Pictures stay out of the copy; output exactly the lines from the one containing "Bahnwechsel am Karlstor: Nach" through the end of the material.

- Data shown -
+---+
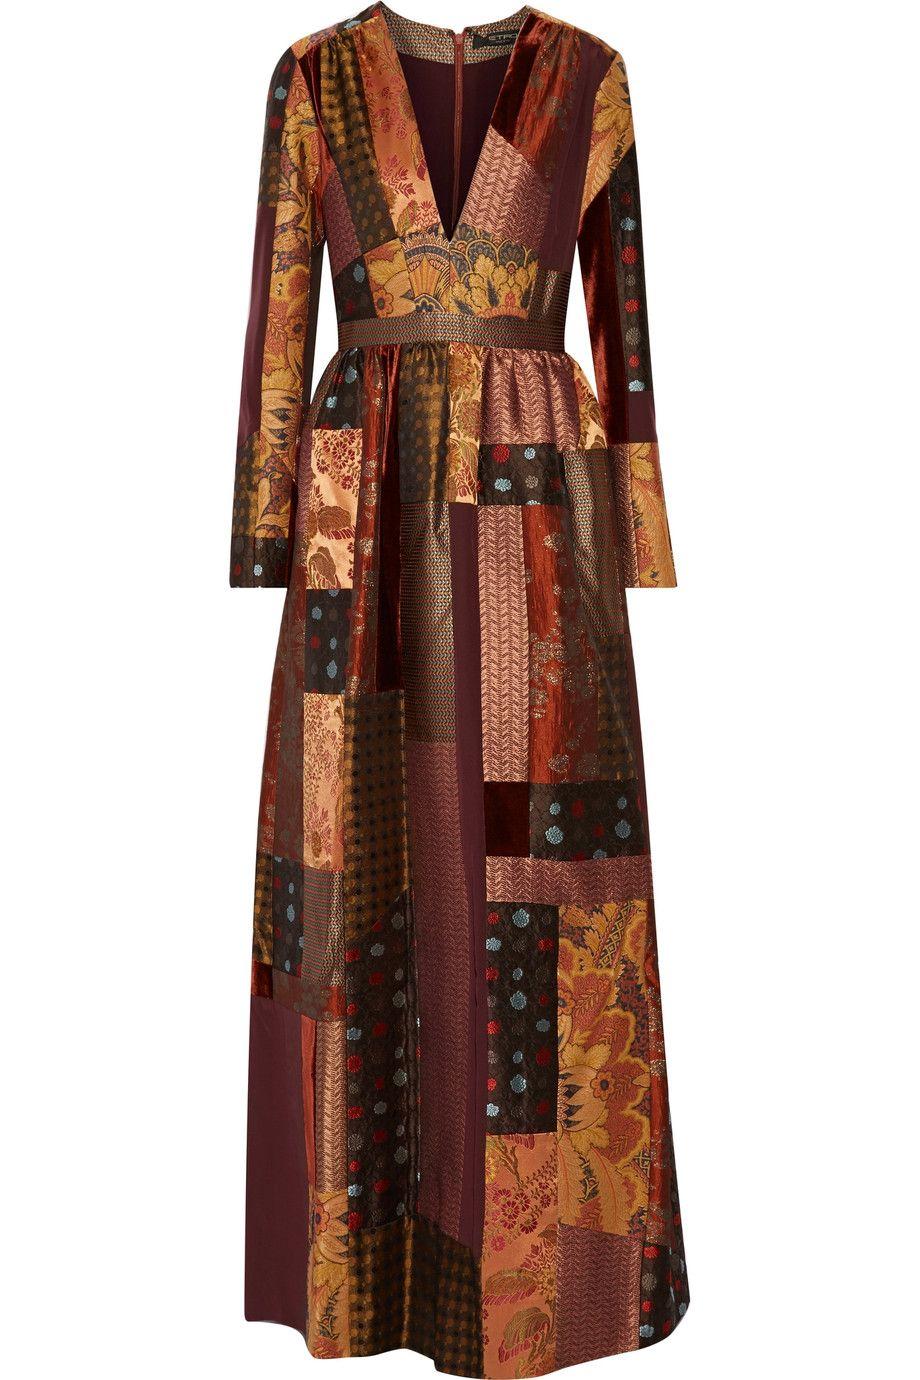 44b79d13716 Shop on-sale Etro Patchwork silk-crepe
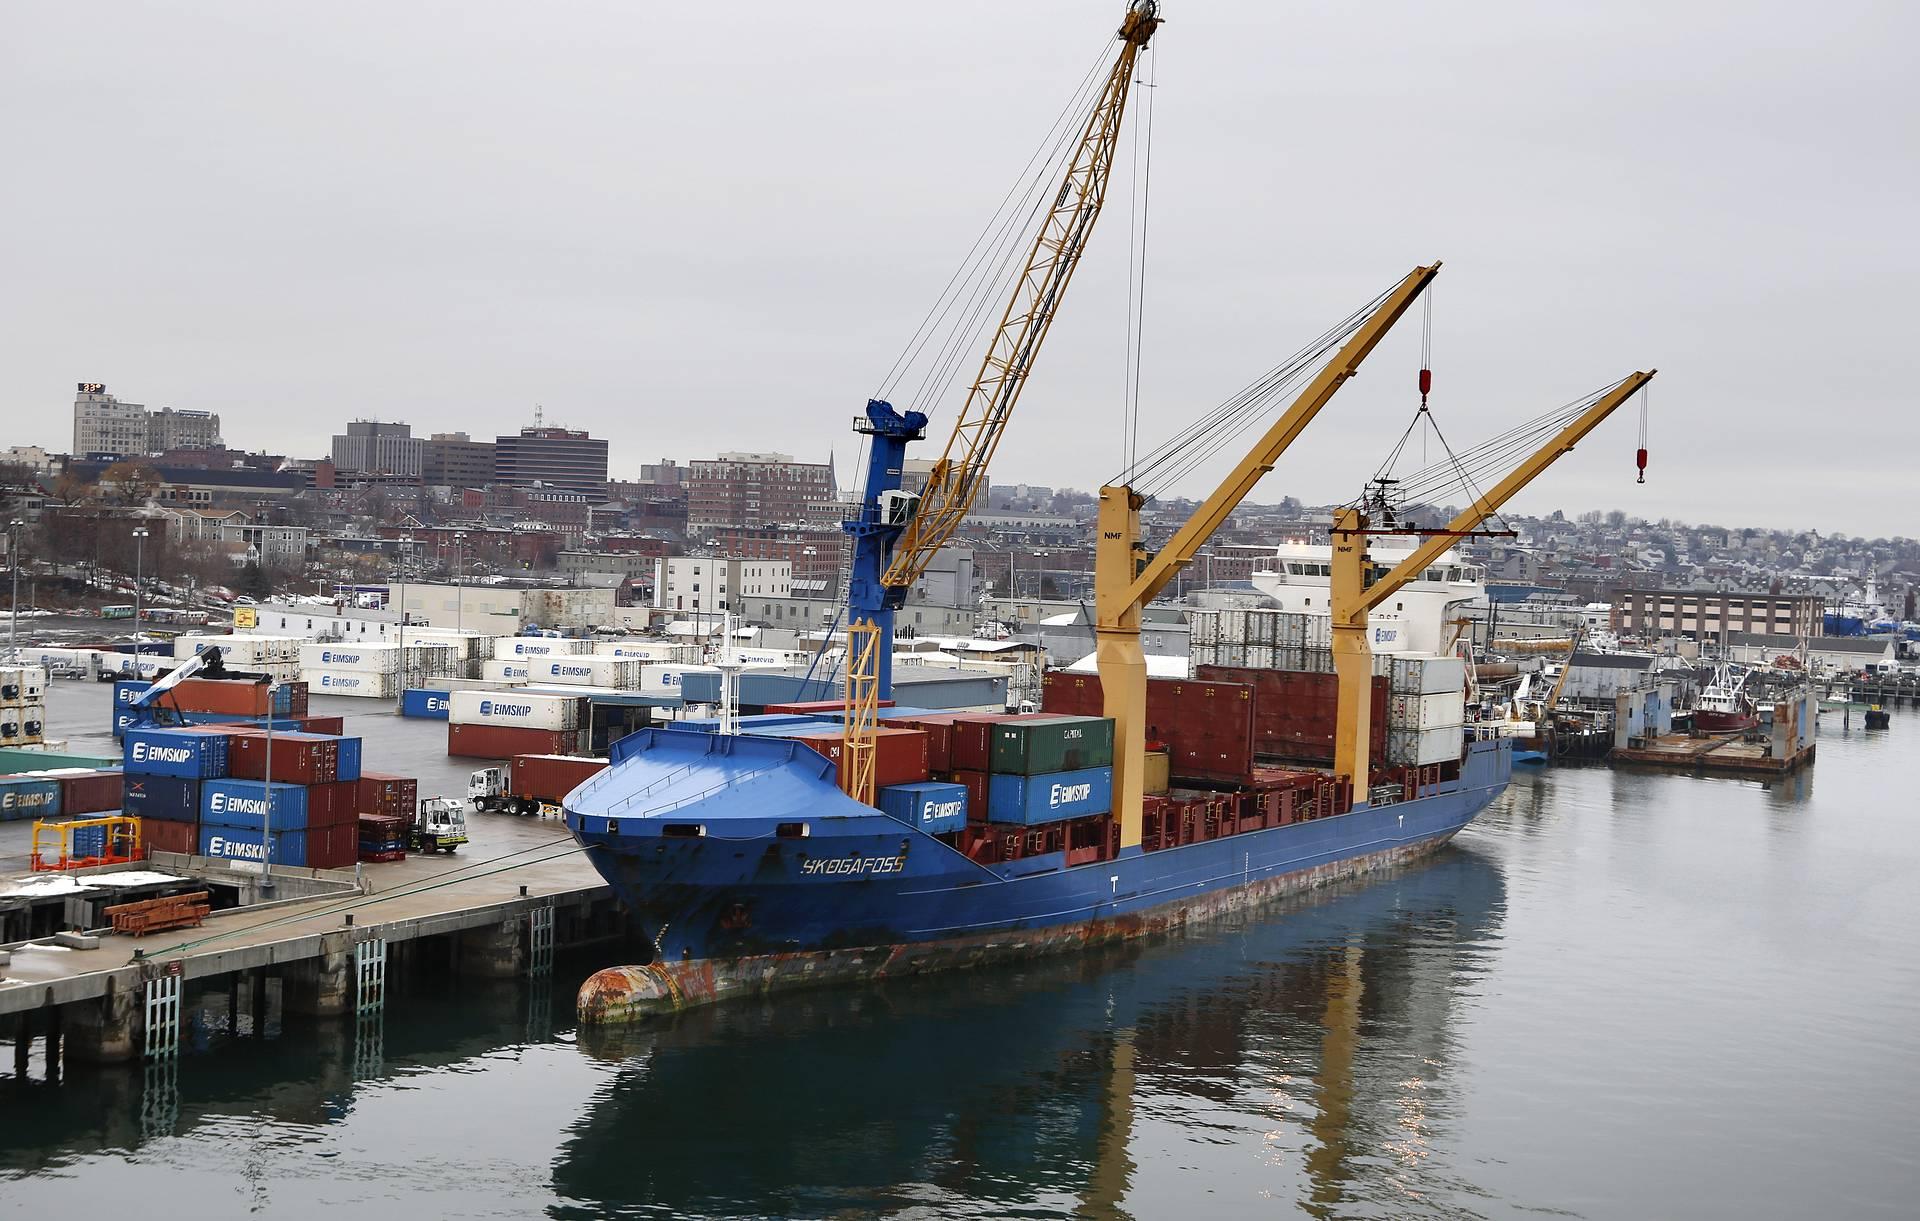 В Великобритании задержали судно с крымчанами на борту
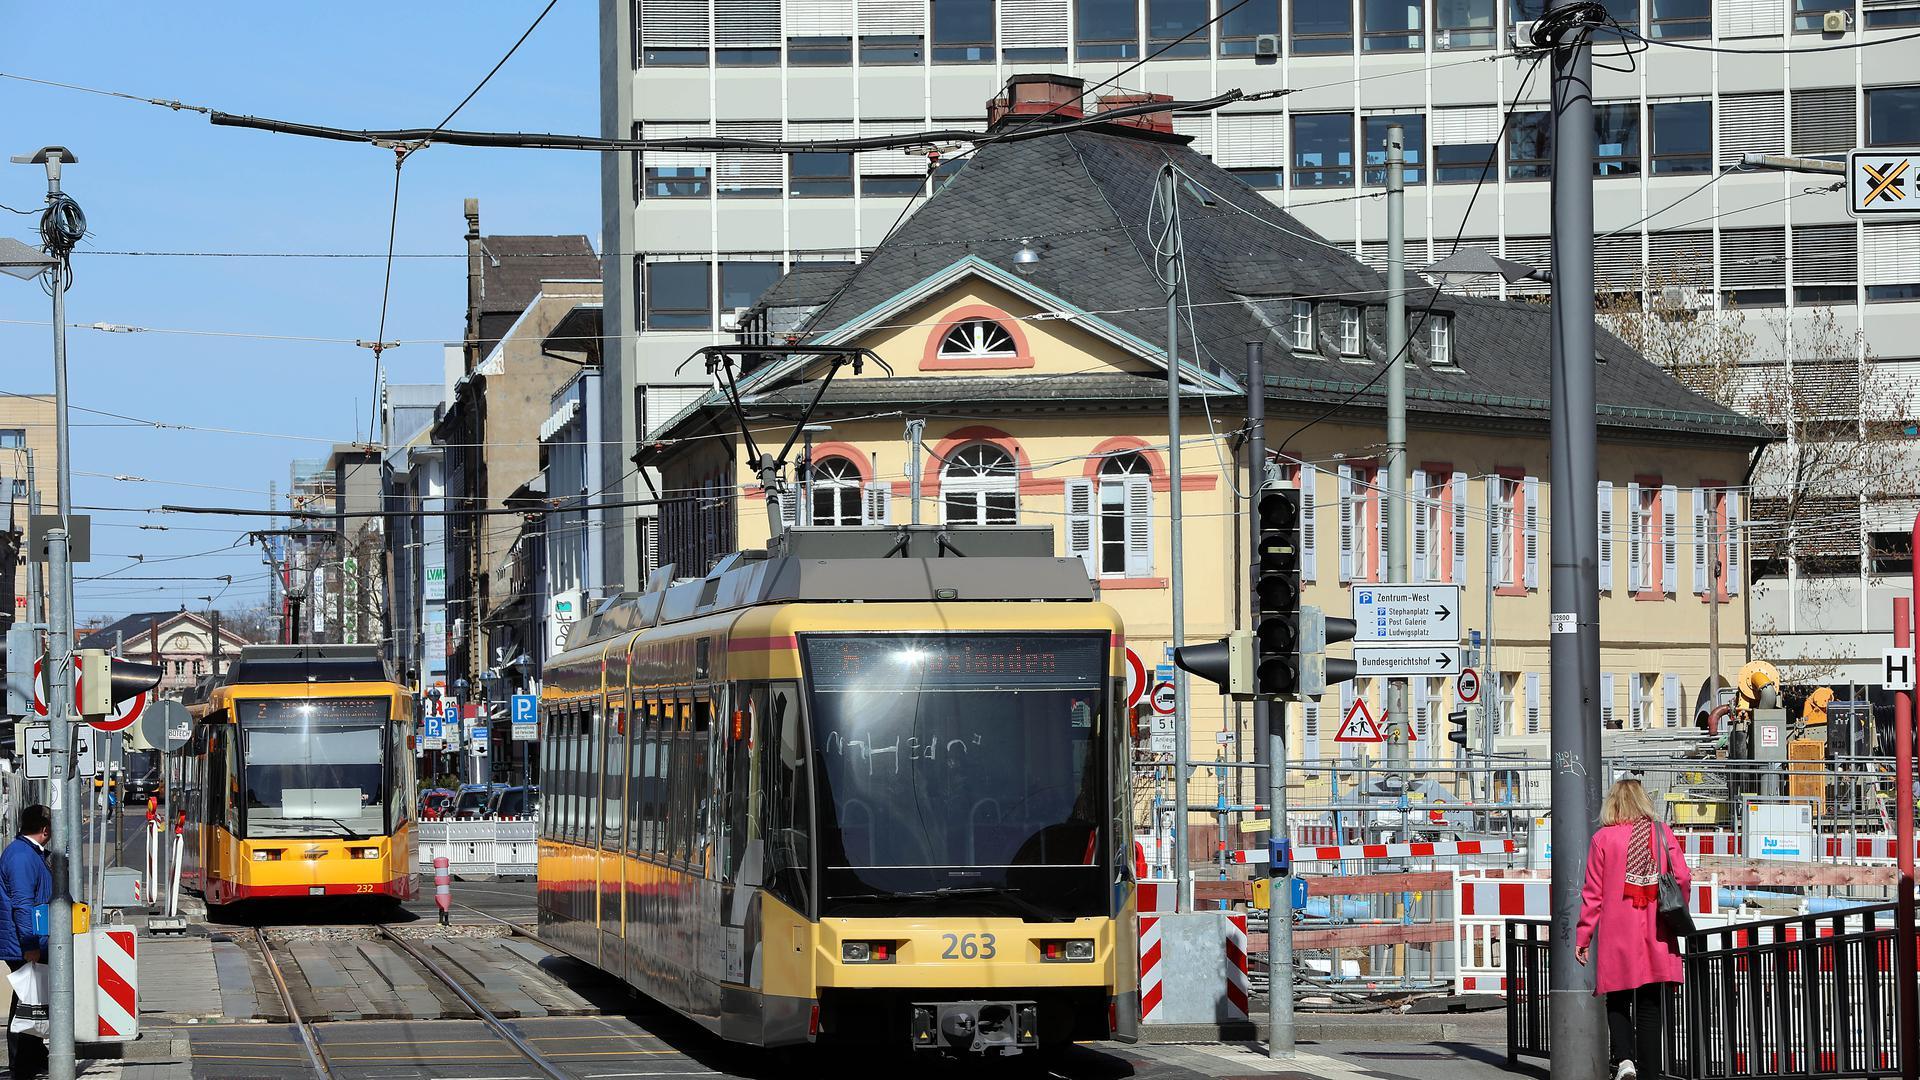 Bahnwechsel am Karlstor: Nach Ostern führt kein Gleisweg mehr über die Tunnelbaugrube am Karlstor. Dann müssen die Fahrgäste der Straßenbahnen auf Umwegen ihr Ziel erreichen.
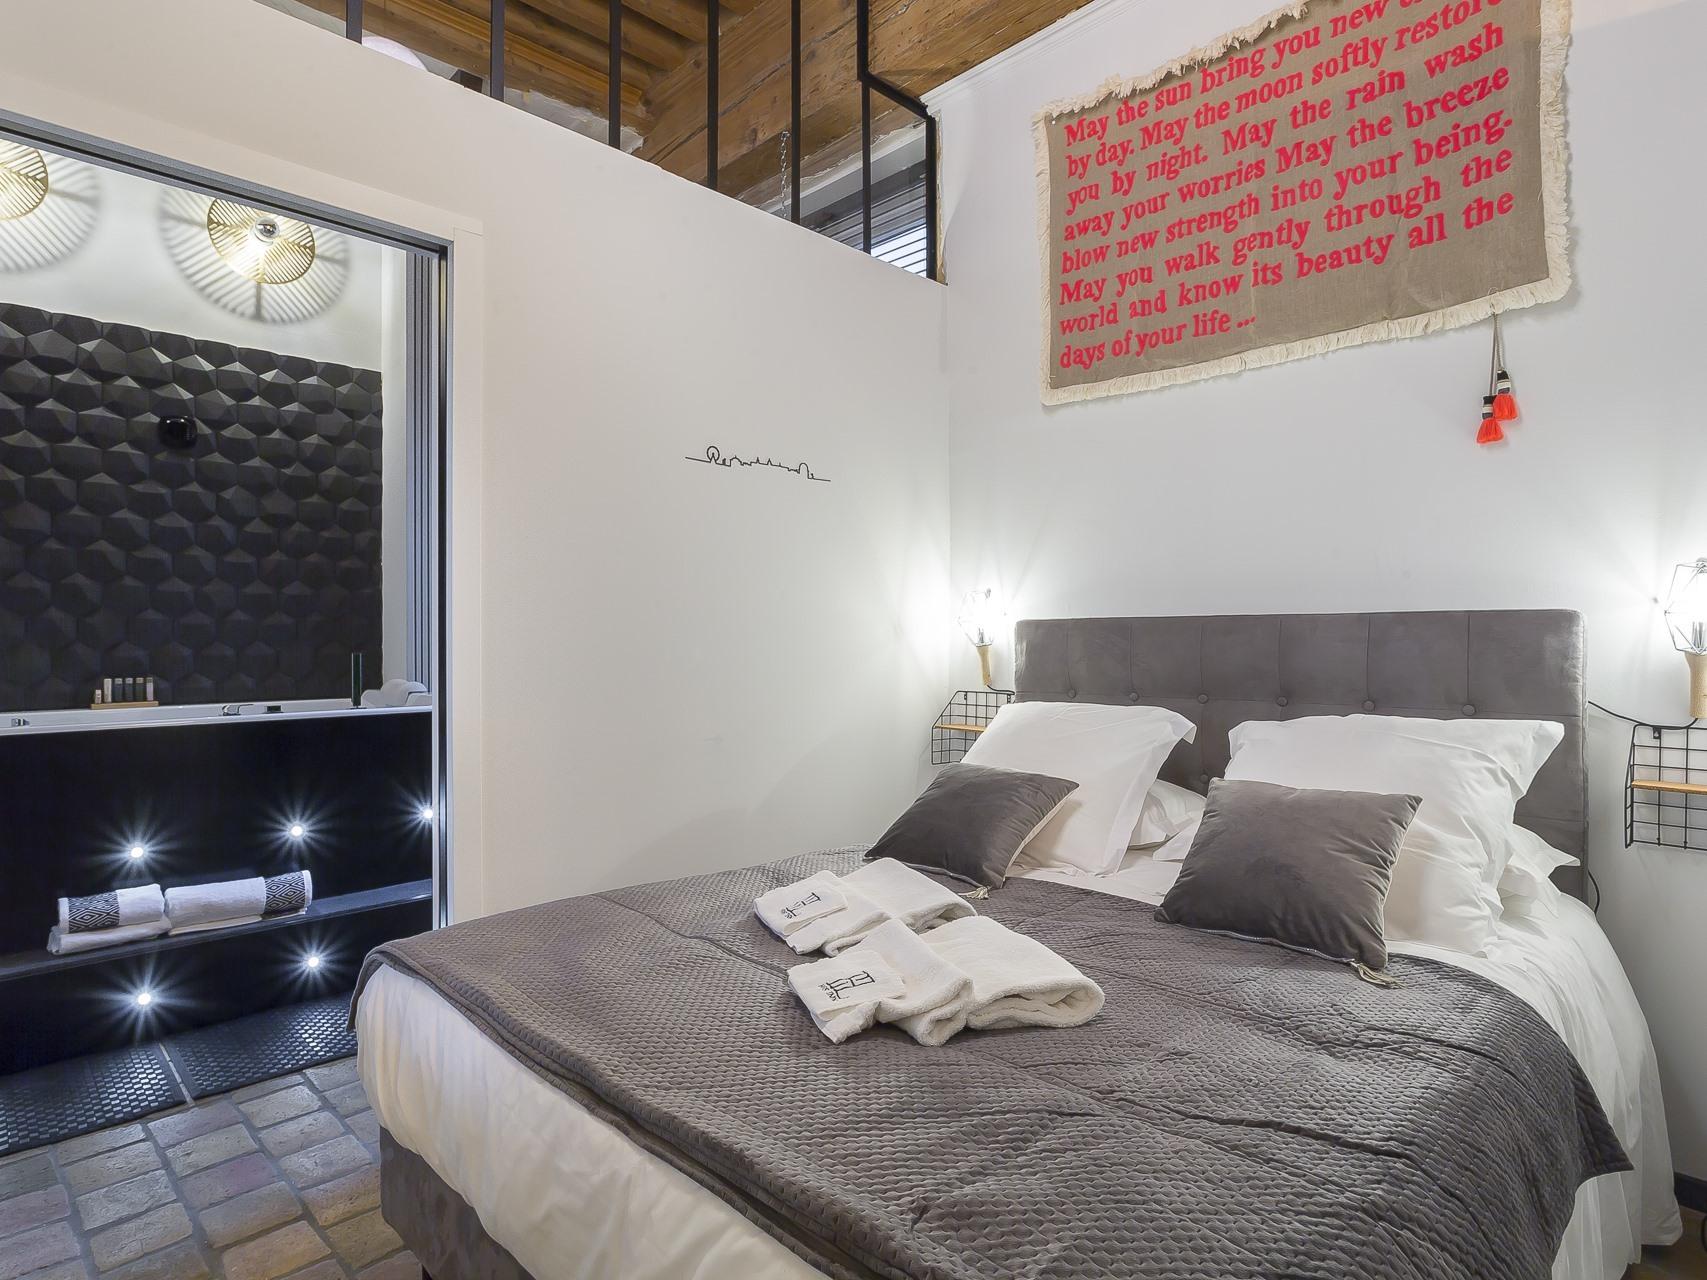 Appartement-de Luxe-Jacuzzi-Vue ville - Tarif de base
+---+
- Response box -
 Bahnwechsel am Karlstor: Nach Ostern führt kein Gleisweg mehr über die Tunnelbaugrube am Karlstor. Dann müssen die Fahrgäste der Straßenbahnen auf Umwegen ihr Ziel erreichen.
 Appartement-de Luxe-Jacuzzi-Vue ville - Tarif de base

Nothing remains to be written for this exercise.